The Transeuropa Festival is a bi-annual festival of culture, arts and politics held in different European cities since 2010. It includes discussions, presentations and workshops concerning transnational issues.

==Organisation==
European Alternatives, which organises the festival, describes itself as "a transnational civil society organisation and citizens’ movement promoting democracy, equality and culture beyond the nation state."
It arranges public events that include the annual Transeuropa Festival. European Alternatives also sponsors research, projects, campaigns and publications. The organisation was launched in London in 2007, on the occasion of the 50th Anniversary of the Treaty of Rome, by Lorenzo Marsili and Niccolo Milanese. The festival is supported by the Erste Stiftung, Charles Stewart Mott Foundation, Allianz Kulturstiftung, European Cultural Foundation and the Europe for Citizens Programme of the European Union.

==Events==

The festival was launched in 2010 following the success of the Festival of Europe, which ran annually from 2007 to 2009. By 2011 over fifty activists, writers, intellectuals and artists were involved in the Transeurope Network, learning from previous festivals to plan the next.
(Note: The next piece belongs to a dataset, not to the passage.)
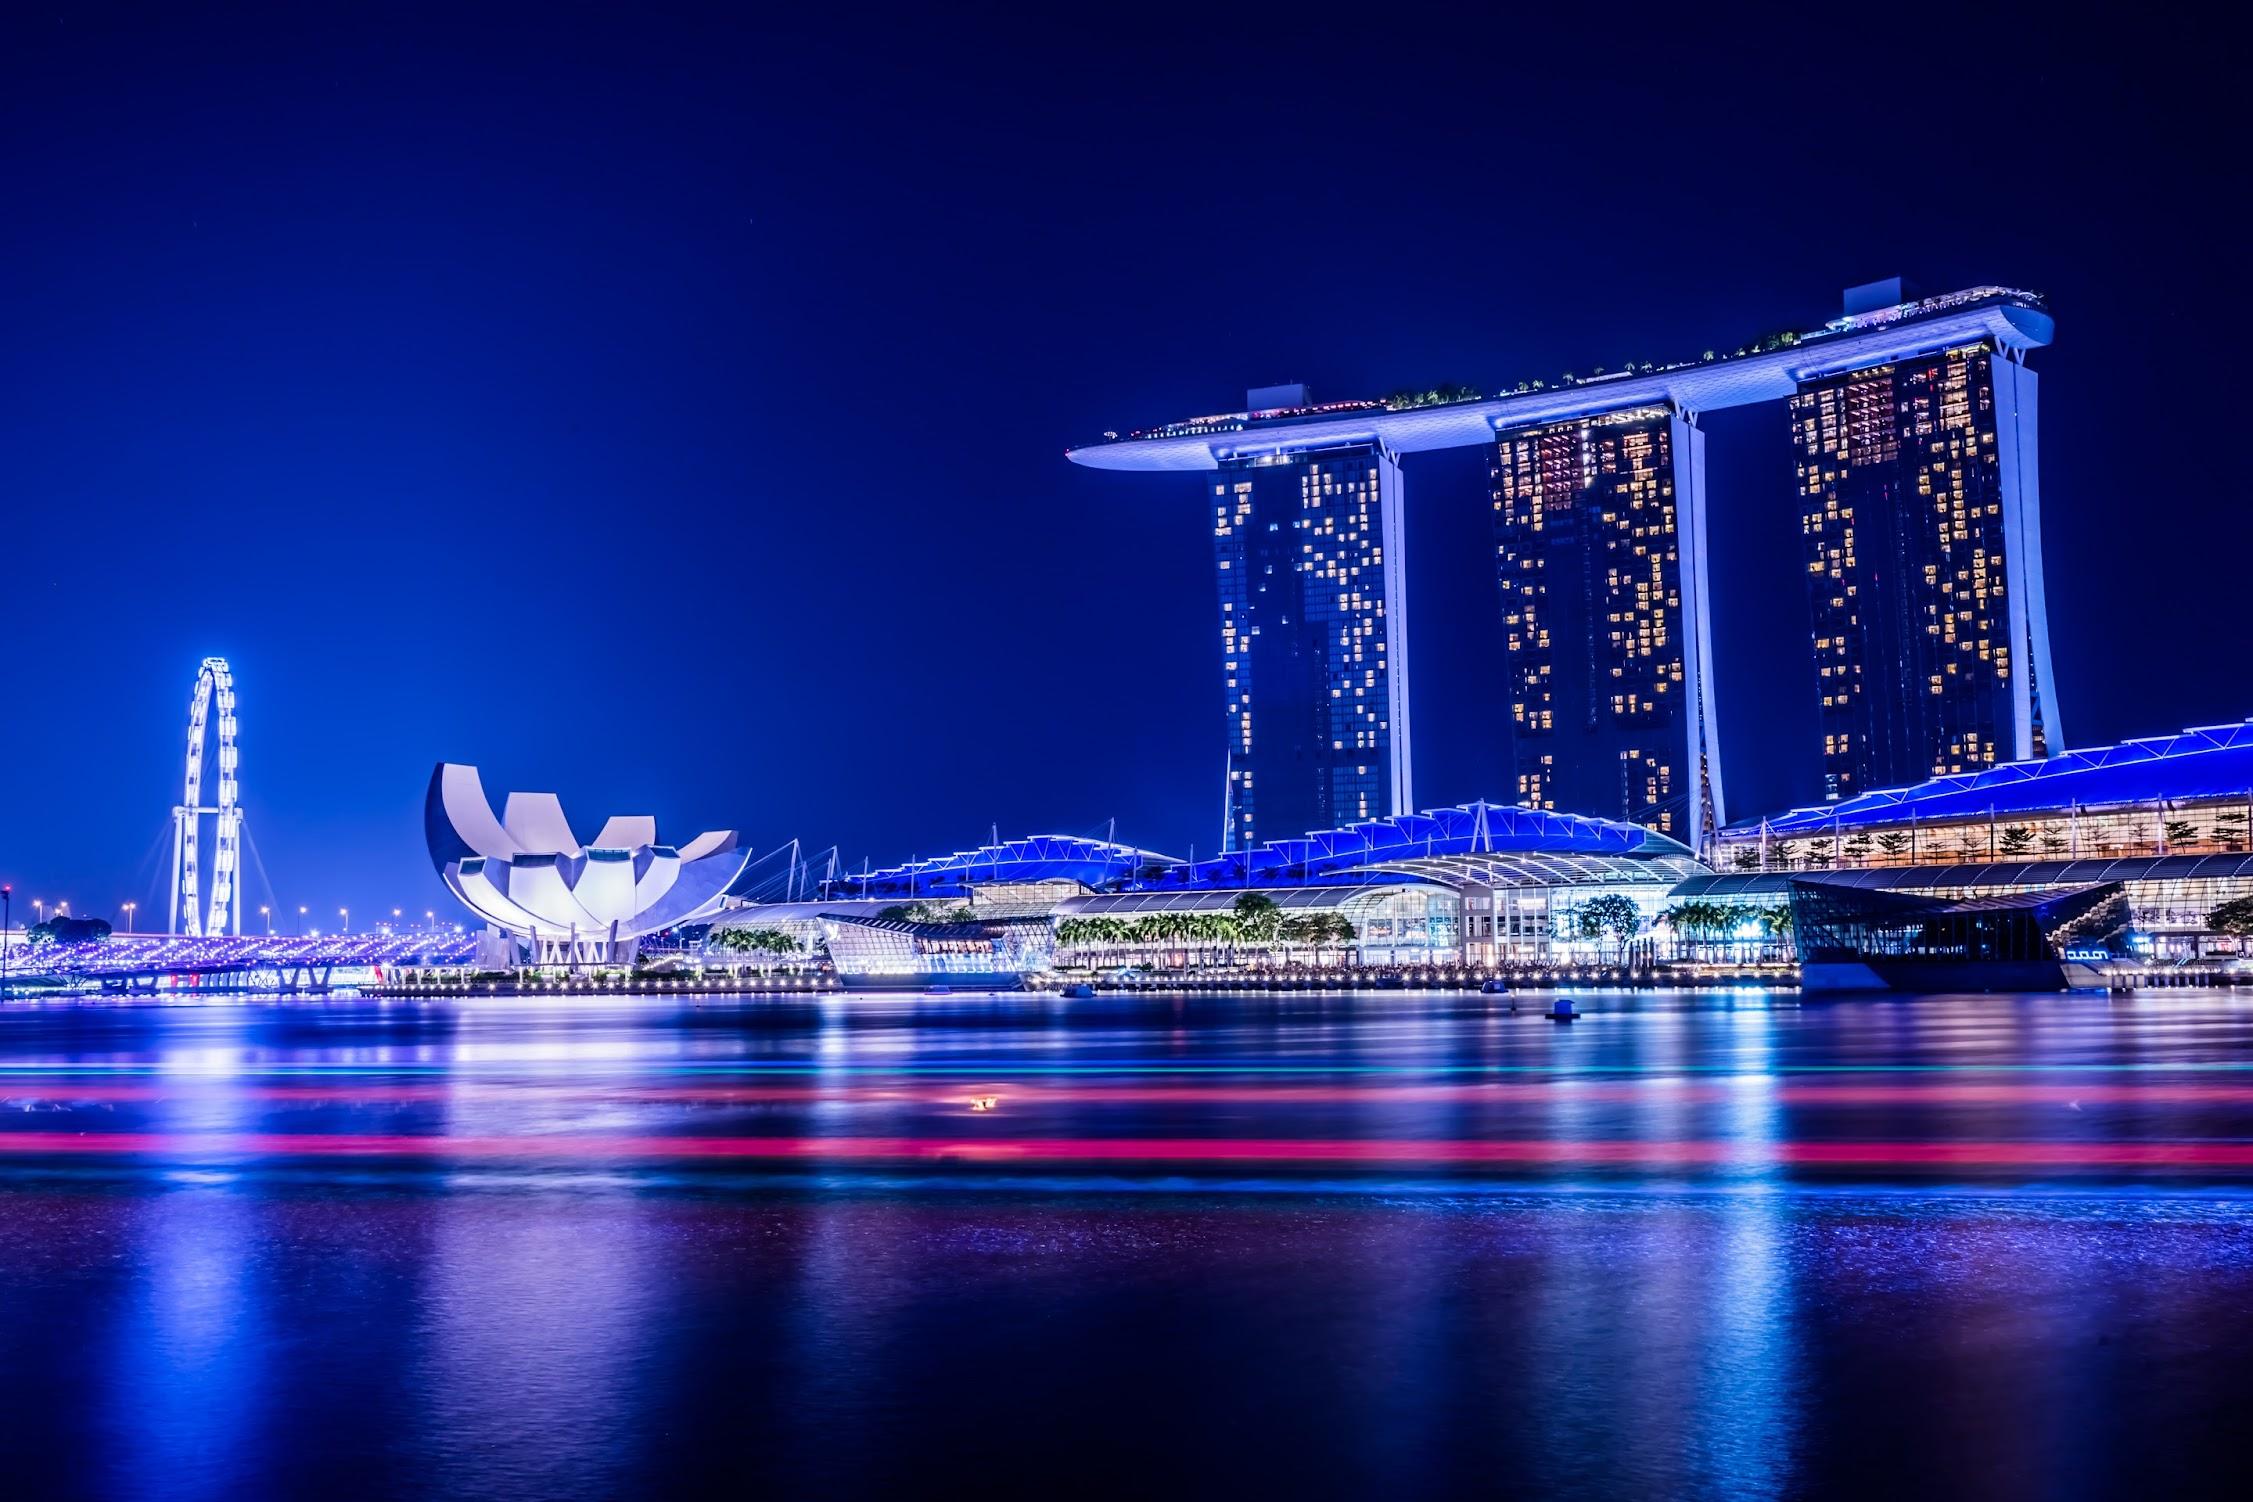 シンガポール マリーナ・ベイ・サンズ 夜景7

The 2011 festival was held in May in Amsterdam, Berlin, Bologna, Bratislava, Cardiff, Cluj-Napoca, Edinburgh, London, Lublin, Paris, Prague and Sofia. The main topics discussed included the rights of migrants, Roma integration, freedom of the press and a more just economy in the post-crisis era. That year the Danube Foundation arranged a lecture in Amsterdam on positive populism by Jan ter Burg and Eefje Blankevoort. In Prague, discussion topics included "Deconstructing the Migration Experience in Central Europe"; "Citizenship 'Lite.' " and "Enacting European Citizenship to Guarantee Roma Rights."
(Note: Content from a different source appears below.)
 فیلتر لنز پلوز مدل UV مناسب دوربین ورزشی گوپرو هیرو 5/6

The third Transeuropa Festival was held in May 2012 over a two-week period. Events were arranged in Amsterdam, Barcelona, Belgrade, Berlin, Bologna, Bratislava, Cluj-Napoca, London, Lublin, Paris, Prague, Rome, Sofia and Warsaw. Topics included economic instability, migration experiences, and new forms of democratic participation. In London the events included "The Hidden Tales of London", a theatrical monologue and talk, "Seeds of Democracy: Europe and the Balkans", a talk by academics, politicians and activists and talks on "The UK in Europe's Economy and Europe's Economy in the World". In Prague there was a screening of short Arab art movies. Five artists from China took part in the art exchange in Rome and Bologna. The festival closed with a European Forum in Rome attended by representatives from all the cities of the Festival.
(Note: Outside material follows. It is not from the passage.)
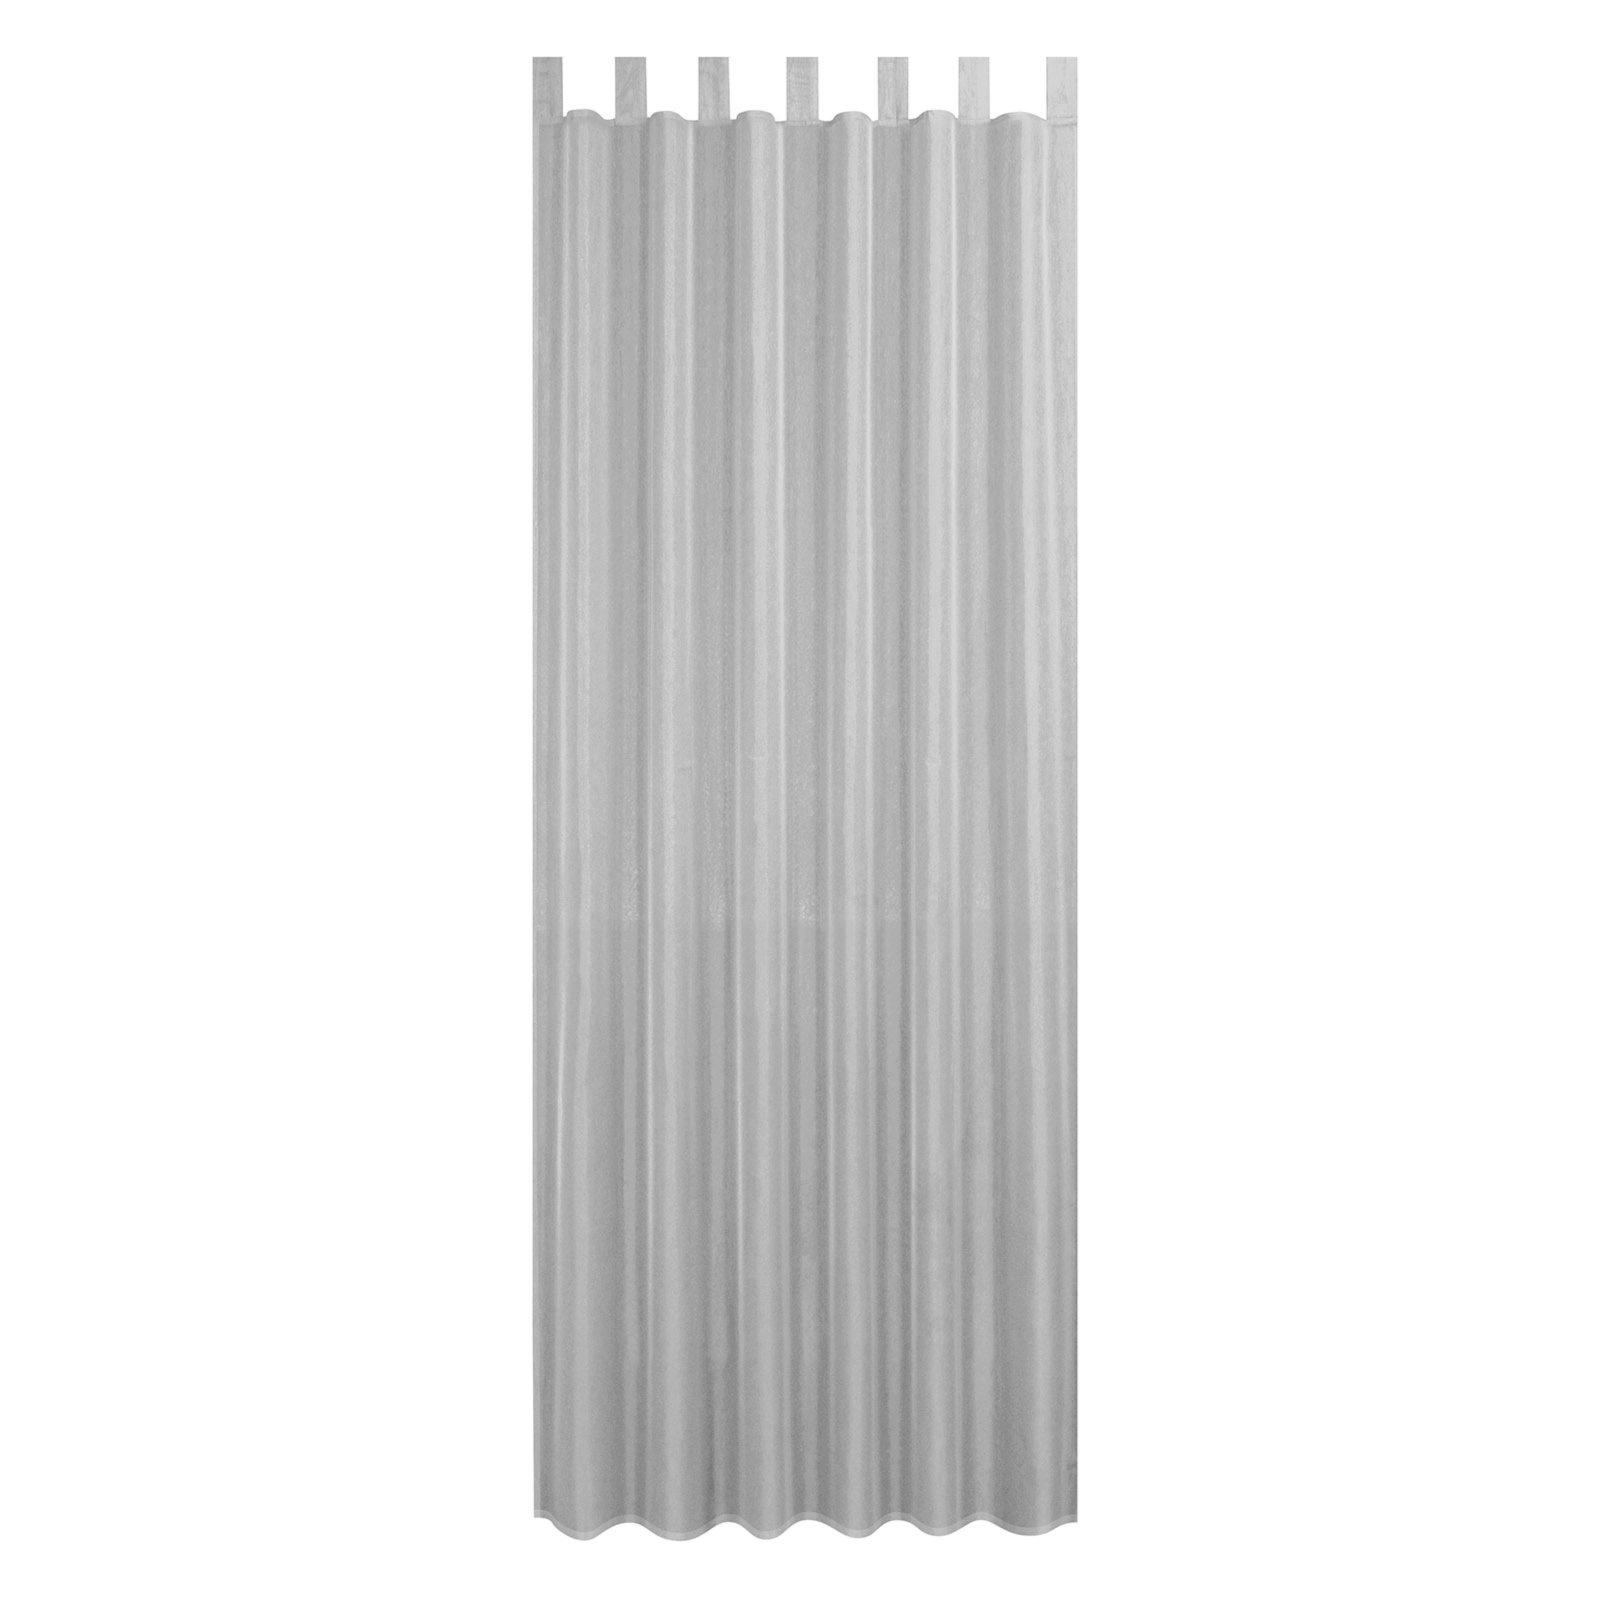 Schlaufenschal ALSTER - silbergrau - 140x235 cm

The 2013 festival was put back to the month of October.
It was arranged by over 200 volunteers and activists in 13 European cities, and included performances, video screenings, forums and discussions.
Events were held in the same cities as in 2012 apart from Rome.
The final festival forum was scheduled for Berlin.

The 2015 festival took place across Europe in September, culminating in Belgrade 1–5 October.
A transnational reading of Hannah Arendt’s ‘The Origins of Totalitarianism’ will be staged in support of Cuban artist and activist, Tania Bruguera.

The 2017 festival took place in Madrid in October.

The 2019 festival took place in Palermo in November.